Role of NADPH oxidase in tissue growth in a tissue engineering chamber in rats
Hachisuka, H., Dusting, G. J, Abberton, K. M, Morrison, W. A & Jiang, F. (2008). Role of NADPH oxidase in tissue growth in a tissue engineering chamber in rats. Journal of Tissue Engineering and Regenerative Medicine,2(7), 430-435. United States of America: John Wiley & Sons. Retrieved from https://doi.org/10.1002/term.115
Previously we described a subcutaneous arteriovenous loop (AVL)-based tissue engineering chamber system, which contains an intrinsic circulation circuit created by joining the proximal ends of the femoral artery and vein with a venous graft. We showed that nicotinamide adenine dinucleotide phosphate (NADPH) oxidase was involved in mediating neovascularization inside the chamber. However, the role of NADPH oxidase in tissue formation in the chamber is unknown. In this study, we examined the effects of gp91ds-tat, a peptidyl inhibitor of NADPH oxidase, on the growth of engineered tissue blocks, using a rat chamber model. Chambers containing the AVL were filled with Matrigel mixed with gp91ds-tat (100 µM) or the scrambled control peptide. At 14 days, in control chambers, most of the Matrigel was replaced by granulation tissues; gp91ds-tat treatment significantly reduced the level of reactive oxygen species and retarded the tissue formation process.

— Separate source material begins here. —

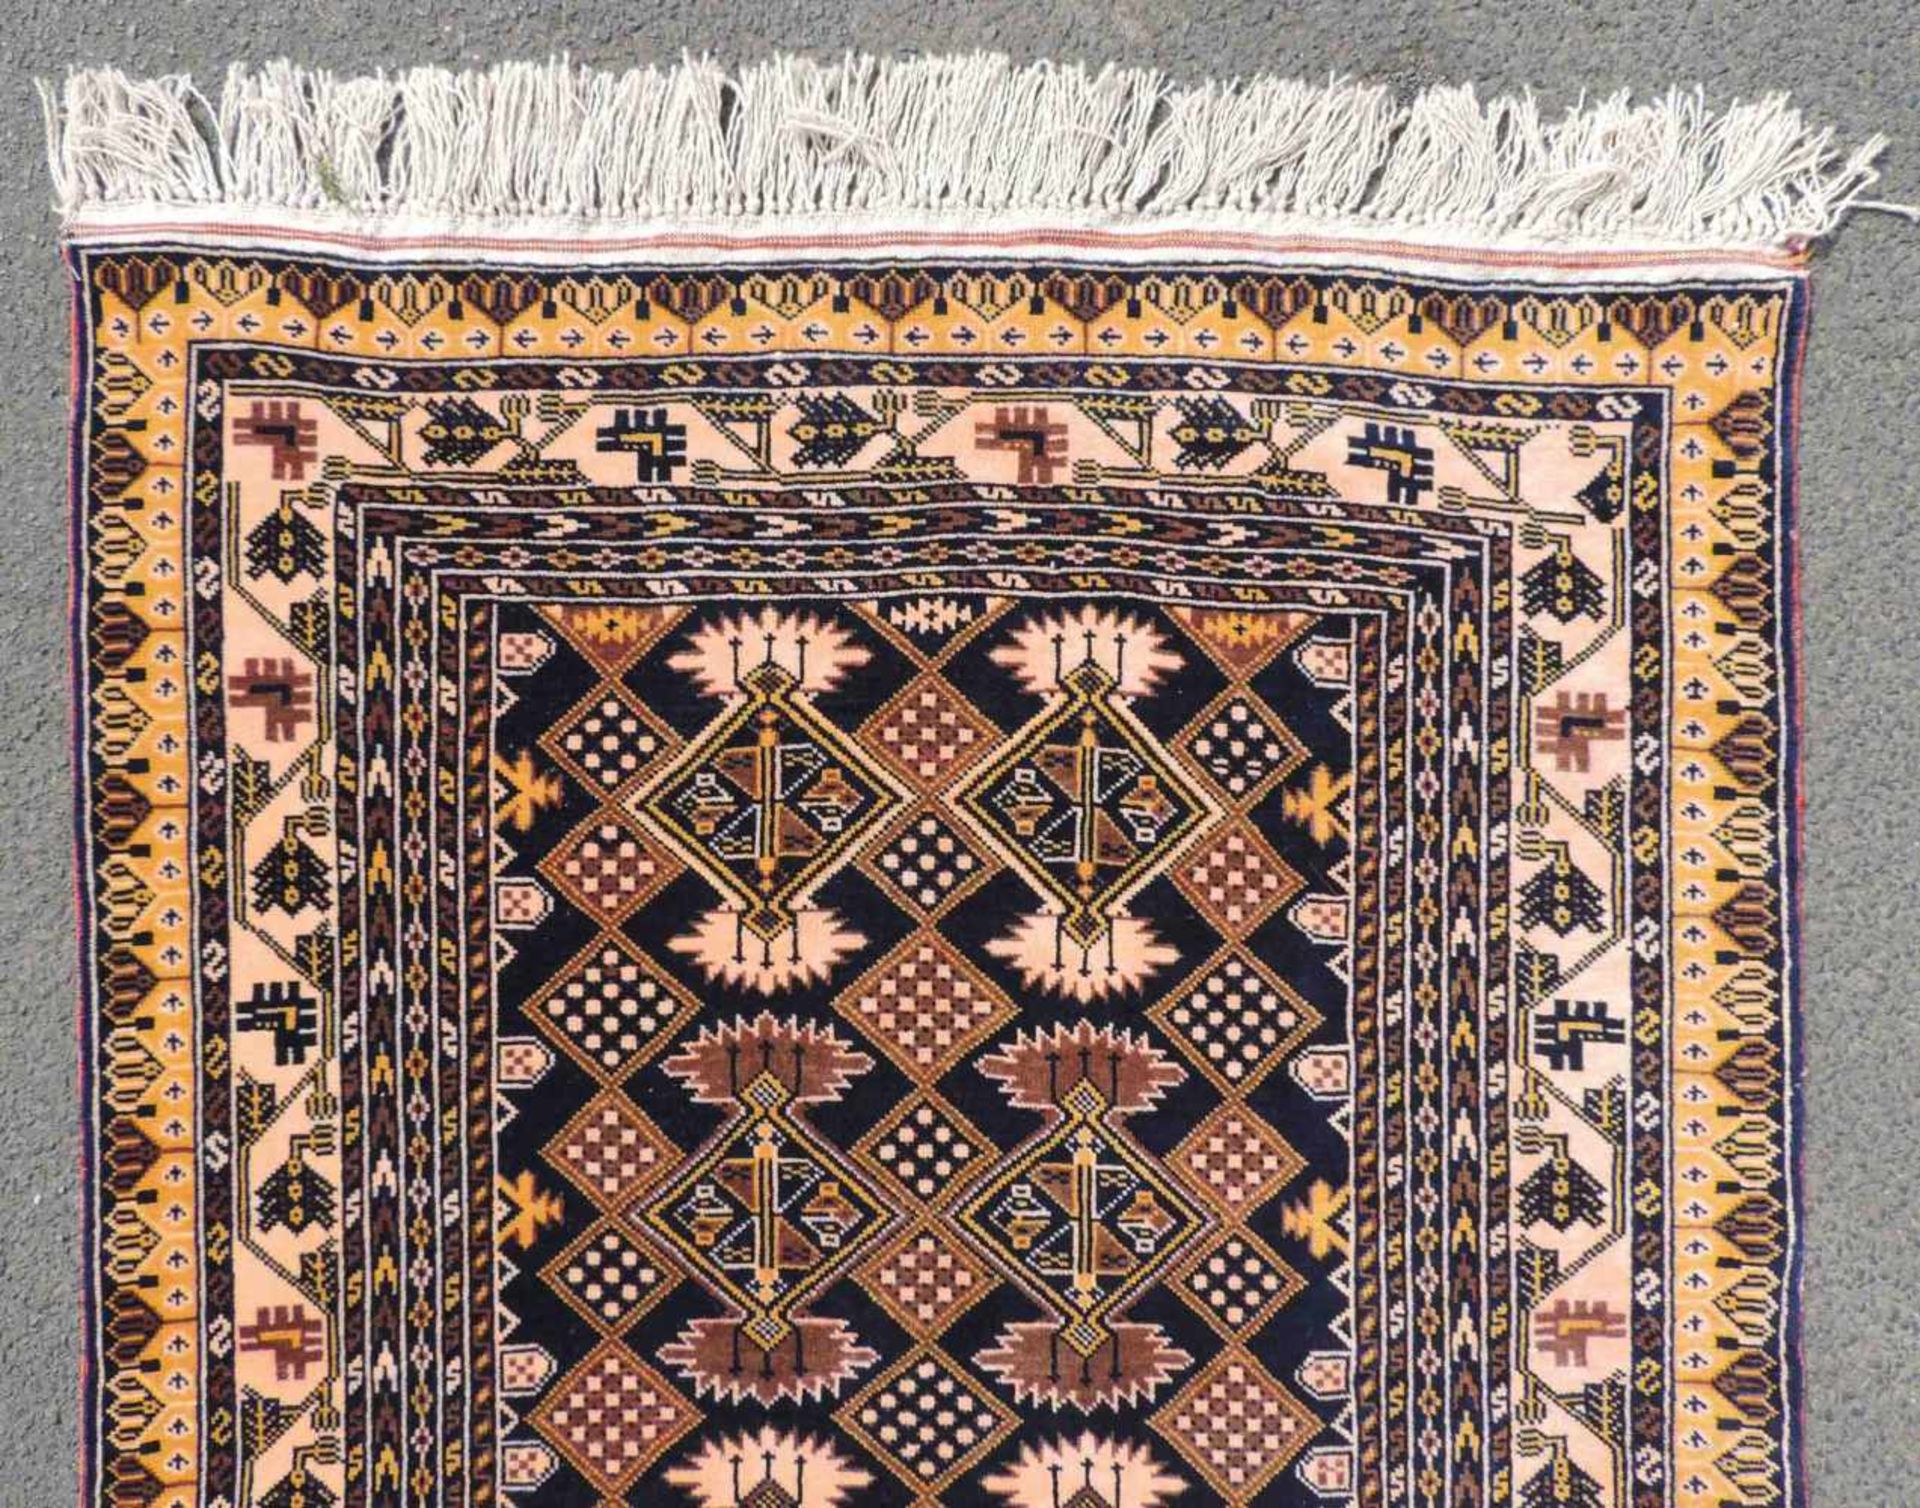 Mauri Stammesteppich. Afghanistan. Alt. Feine Knüpfung.145 cm x 93 cm. Handgeknüpft. Wolle auf - Image 4 of 6

Although the total number of blood vessels per unit cellularized area was not different between two groups, most vessels in gp91ds-tat-treated tissues had smaller lumens as compared to control. The total area occupied by vessel lumens was much less in gp91ds-tat-treated tissues (10.3 ± 1.3% in control vs. 1.7 ± 0.5% in gp91ds-tat group; p < 0.001). In vitro, gp91ds-tat treatment reduced proliferation and migration of cultured microvascular endothelial cells. Our data suggest that inhibition of NADPH oxidase function retards tissue formation in the tissue engineering chamber, which may be related to the malformed new blood vessels in the engineered tissue.